Increasingly, we are learning that the road to that particular perdition is not one-way, nor is there any specific speed. A new paper in the Journal of Internal Medicine seeks to elucidate our natural history as we slide from what we consider healthy glucose metabolism to a state we consider markedly abnormal.
The population being studied are Swedish volunteers, age 60 or more, living in central Stockholm. The report on 2575 of these volunteers represents roughly 75% that were eligible and completed the twelve-year study. Average age 74.4, 65% women and 36% had a diagnosis of prediabetes, based on an HbA1c, at the initiation of the study.
- Of those individuals already considered to be prediabetic, 42% remained unchanged, 22% returned to normoglycemia, and 13% went on to develop diabetes. [1]
- Increasing age was associated with more individuals developing diabetes or reverting to normoglycemia. But this trend was “biased” by decreasing population size as mortality also increased with age. It may be “truer” to say that the conversion rates to both diabetes or normoglycemia decreased with age, for many pre-diabetes was the destination, not a way station.
- Those who were overweight were almost three times as likely to go on to diabetes and in the same group those who lost weight (in the range of 5 to 33 pounds) were three times as likely to become normoglycemic.
- Physical activity was noted to decrease mortality having no “direct” effect on glucose metabolism. The statistical significance of physical activity was lost when weight losses were adjusted suggesting that weight loss and physical activity are entangled
You can quibble about several aspects of the study, relatively small sample, very limited criteria for the diagnosis of prediabetes, and no information presented on the other 64% of patients. But that is not my purpose.
Consider type 2 diabetes to be some summit. As with any mountain, there are many paths to the top, some paths are more difficult, others easier, but in both instances, you will arrive at the summit. When I go for a hike in my local park, the trails are constructed so that if you want a longer walk, you can combine trail 1 and trail 2 seamlessly; you needn’t finish one to begin another.
Currently, there are at least 20 genes implicated in type 2 diabetes, and each resulting protein may have a positive, negative, or no effect on any of the others. The combinatorial space, the map of the trails on the mountain that is the type 2 diabetes phenotype for these interactions I’m sure exceeds 5000 or more possible configurations. Some of those paths are more used than others. In this study, the trail involved HbA1c and described the subsequent destination of its climbers. But there are already, as the authors acknowledge, other known trails, fasting blood glucose, oral glucose tolerance testing, any of the measurements we can make are merely markers upon the paths and each path is entangled with one another.
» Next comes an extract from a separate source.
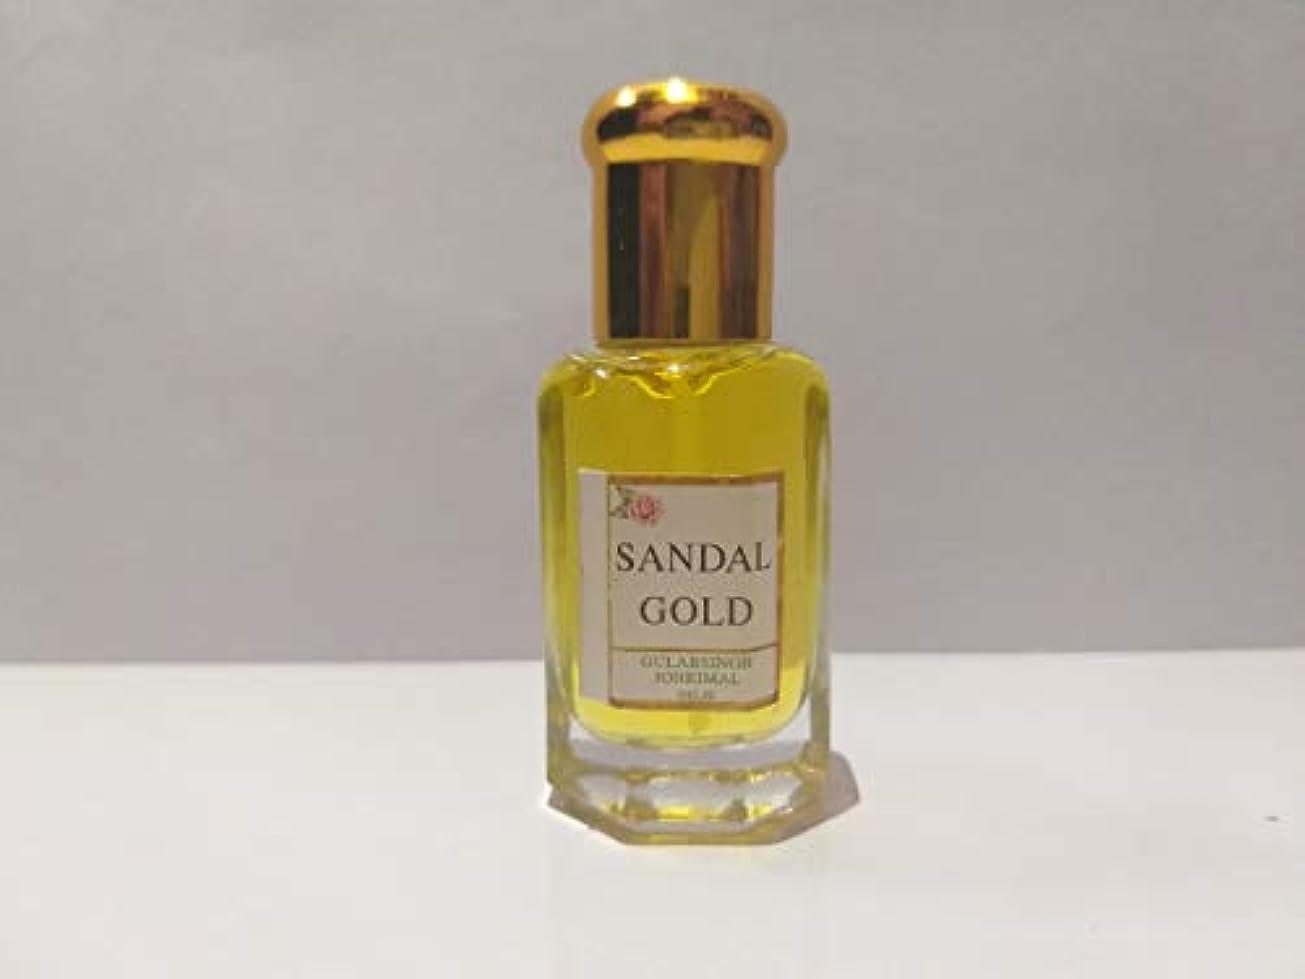 有能なアデレード複製Sandal/白檀 / Chandan Attar/Ittar concentrated Perfume Oil - 10ml Beautiful Aroma

When we speak of phenotypic disease, the summit in my metaphor, these paths are not clearly identified or understood.
42% of patients stayed on one trail and never reached the summit, 22% found an alternative path, a side branch, weight loss/physical activity, that lead them down the mountain while the remaining 13% continued upwards. Is there an advantage to conceptualizing diseases in this way? Of course, the answer is it depends. For those interested in the details of the trail, its changing elevations, walking surfaces, then comprehension precedes competence. For those more interested in the destination, then perhaps it is sufficient to be competent without full understanding. While my analytic side seeks the former, my clinical side sees the practicality of the second view; and yes, those two sides are as entangled as the pathways.
In terms of prediabetes, whatever that may actually mean, it seems that losing weight is an easy path down the mountain; whether weight loss reduces insulin insensitivity or increases the conversion of the delta to beta cells makes little difference. Perhaps that is why the tenets of a long “health span,” the latest term for a healthy life, include exercise and maintaining your healthy weight.